As a mother with wanderlust to a child with autism, I’ve had to learn how to balance the desire to show my children the world with the needs of my neurodiverse daughter. Most autistic children thrive on the familiar and rely on having a routine. Breaking this mold to travel with a child with autism can seem overwhelming for parents and children. I put off traveling with my child for longer than I should have. Even if the goal was to have fun, I was worried she would not react well to being away from home and having her routine disrupted. So, we stayed put.
Finally, I decided there had to be a way to make travel work for the entire family. We started with short trips close to home and built up to going farther away for a week or more. There was a lot of trial and error involved in finding what worked for my family. With some thoughtful planning, I am now able to confidently plan trips everyone enjoys.
We now travel with less stress and more joy, having found a formula that works for us and other families with autistic children. While it does take some additional effort, the rewards of seeing somewhere new, embarking on adventures, and spending time with family away from the demands of daily life make the effort worthwhile.
Here are five tips to make traveling with an autistic child, not just possible but enjoyable for everyone.
Tie in your child’s special interest
Many children with autism have a special interest. It could be trains, space, geology, or Greek mythology. Consider what your child enjoys the most and make sure they have something to look forward to on your trip. This could be as simple as committing to an hour of stargazing, promising to look for rocks indigenous to the area you are visiting or taking your child to a museum to see a statue of a Greek god. Some families can go big and plan their entire trip around taking a ride on Thomas the Train or spending the night in an observatory, but this usually isn’t necessary to make at least part of the trip something your child can get excited about.
Build in some downtime
It’s common for children with autism to become easily overwhelmed. It can take a lot of effort for neurodiverse children to get used to new sites, sounds, foods, and routines. When at all possible, include some downtime throughout the day, every day, to allow your child to decompress. One way to make this easier is to stay in a centrally located hotel. Even better, staying at a resort or on-site hotel where possible means that it’s very easy to head back to the room when your child needs a break.
Travel with comfort items
Think about what your child needs to stay happy and regulated at home and bring at least a few of those items. A favorite stuffy or blanket pack easily and are worth the space they take up in a suitcase. Packing favorite foods can help ensure your child will eat while away while allowing your child to maintain some of their routines no matter how far from home you find yourselves. Giving your child a device loaded with their favorite shows can be a great distraction.
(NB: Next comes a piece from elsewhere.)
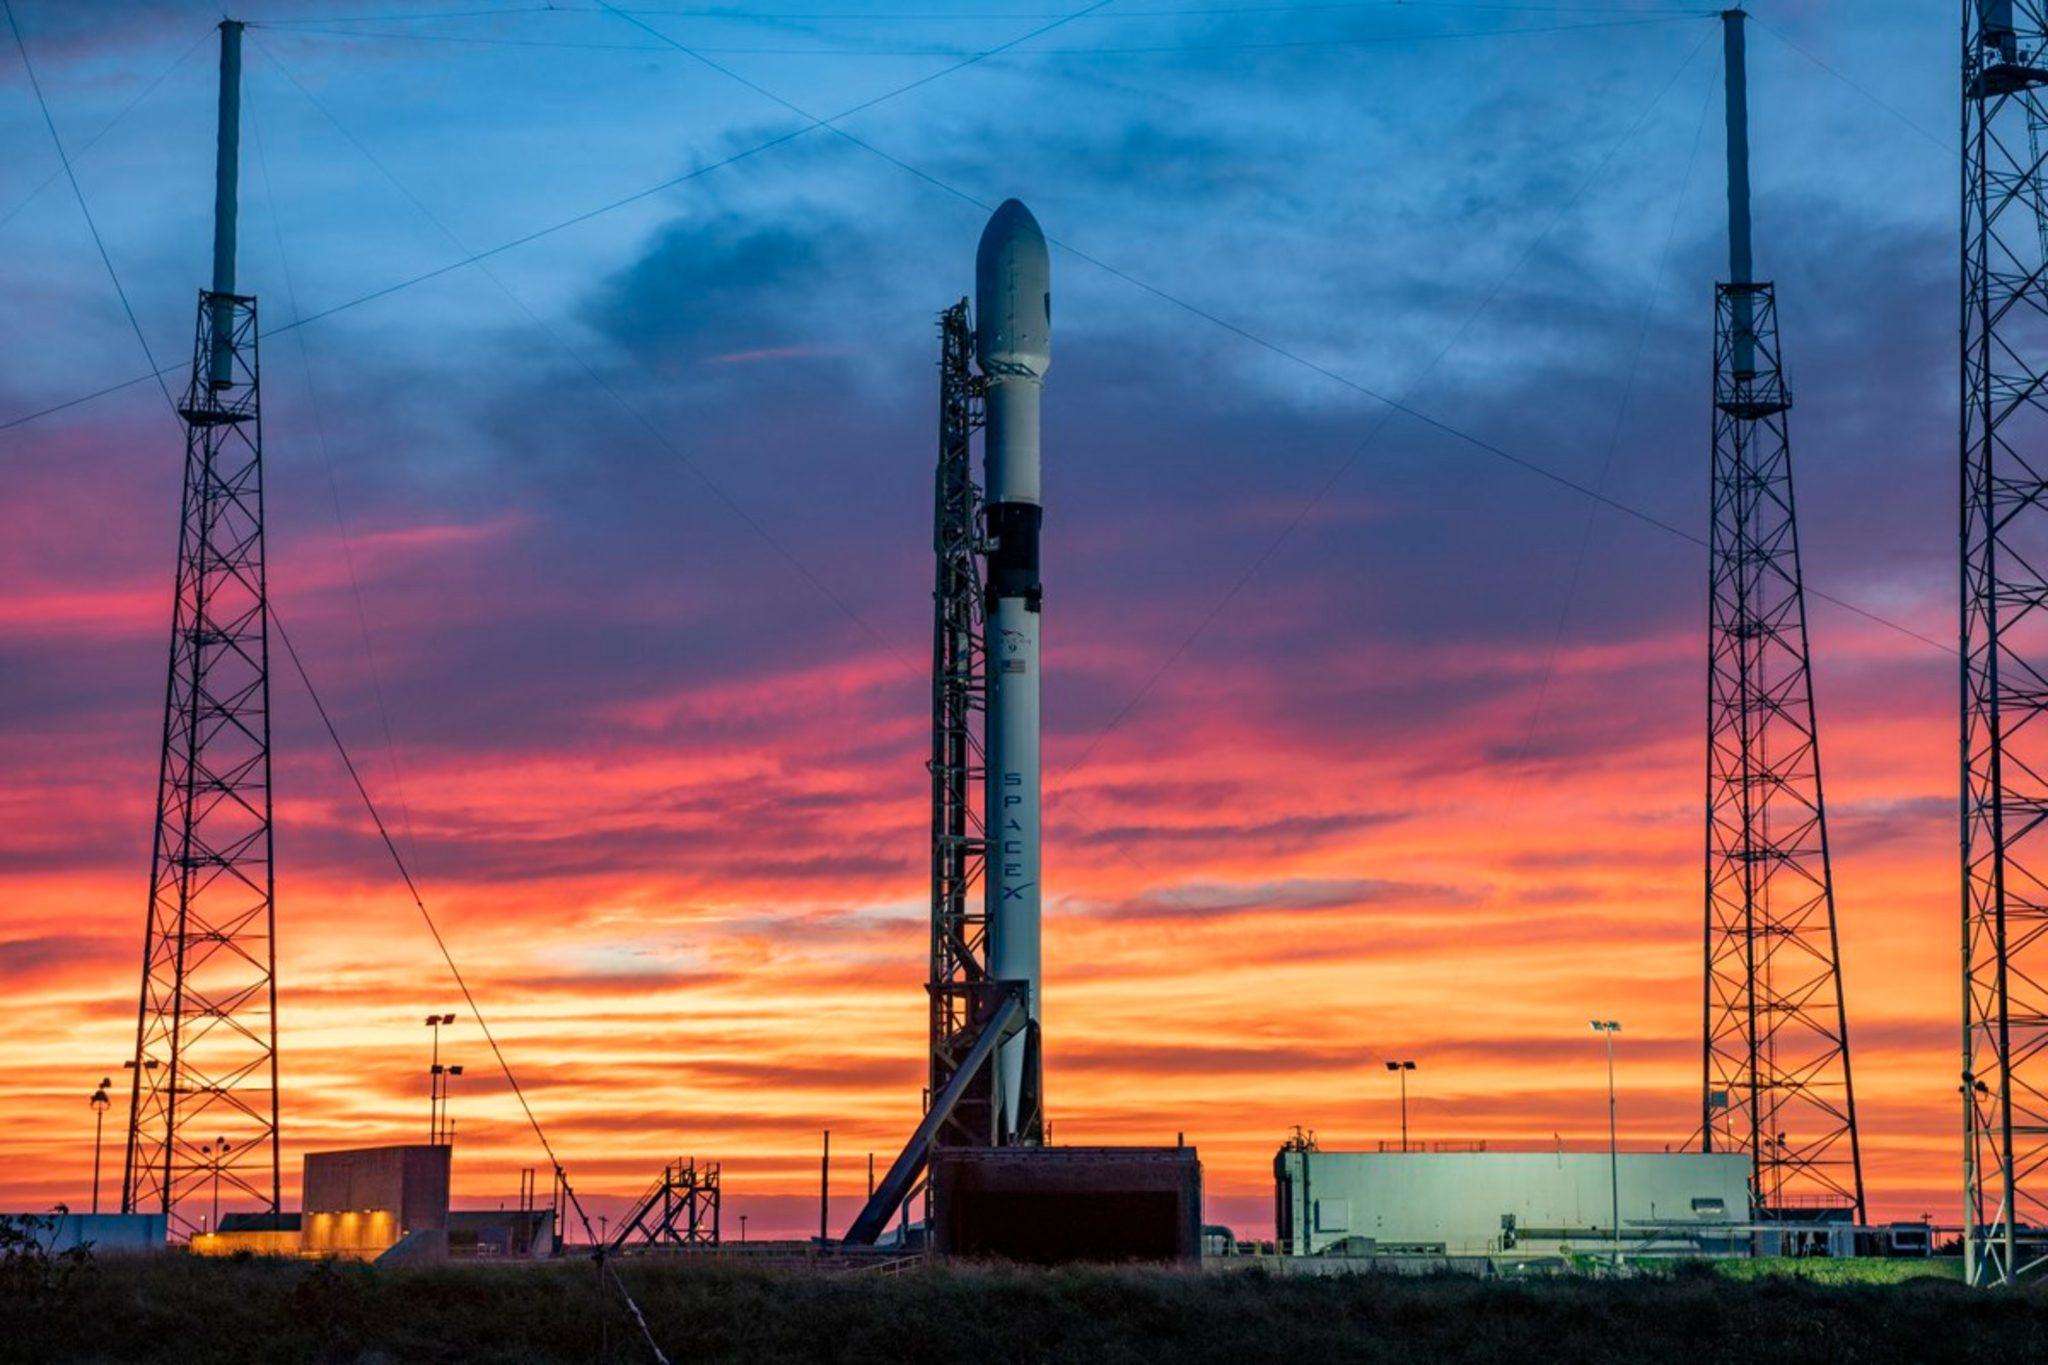 स्पेसएक्स सोमवार को 2021 का अपना पहला स्टारलिंक उपग्रह लॉन्च करेगा,कैसें देखें,जानें रिपोर्ट

Noise-canceling headphones are another helpful investment since they can be used on travel days to block out sounds from planes, trains, and automobiles and can be used at your destination to help your child cope with sounds at busy attractions. Chewy necklaces and fidgets are other great items that can help children with autism cope with the stress that may come along with traveling.
Consider an autism-certified location
Traveling with a child with autism almost anywhere is possible. However, seeking out locations that are autism-certified is a great way to ensure that the staff where you are headed is knowledgeable about autism and equipped to help neurodiverse children feel as comfortable as possible. There is a huge range of autism-certified locations that suit almost every budget and interest.
Beaches Resorts have autism-certified kids’ clubs, meaning that as a bonus adults can get some downtime knowing their child is in good hands. Children who need additional support can also get a “beach buddy” for a few hours or an entire stay. Legoland Resorts are also autism certified and provide low-sensory areas, quiet rooms, and trained staff. Both resorts have sensory guides that can help with pre-planning. For families who prefer cruising, Autism on the Seas partners with Royal Caribbean to provide additional support for children on the spectrum on select cruises. Mesa, Arizona and Myrtle Beach, South Carolina are autism-certified towns for those who prefer a trip with a variety of sun and urban attractions.
Ask for what you need
Even locations that are not officially autism certified usually want to help neurodiverse children and their families have a fantastic vacation. Don’t be afraid to call wherever you are planning to go ahead of time and let them know what your child needs to feel comfortable. For example, hotels are usually able to assign rooms on less crowded floors to cut down on noise. Some will refrain from using strongly scented cleaning products on request. Museums, amusement parks, restaurants, and just about any other type of venue are often able to make accommodations with advance notice. Some attractions offer sensory-friendly hours, skip-the-line passes, headphones, special menus, and other accommodations that you might not find out about unless you ask. Using some of these accommodations often requires advance notice so it’s best to do this legwork in advance.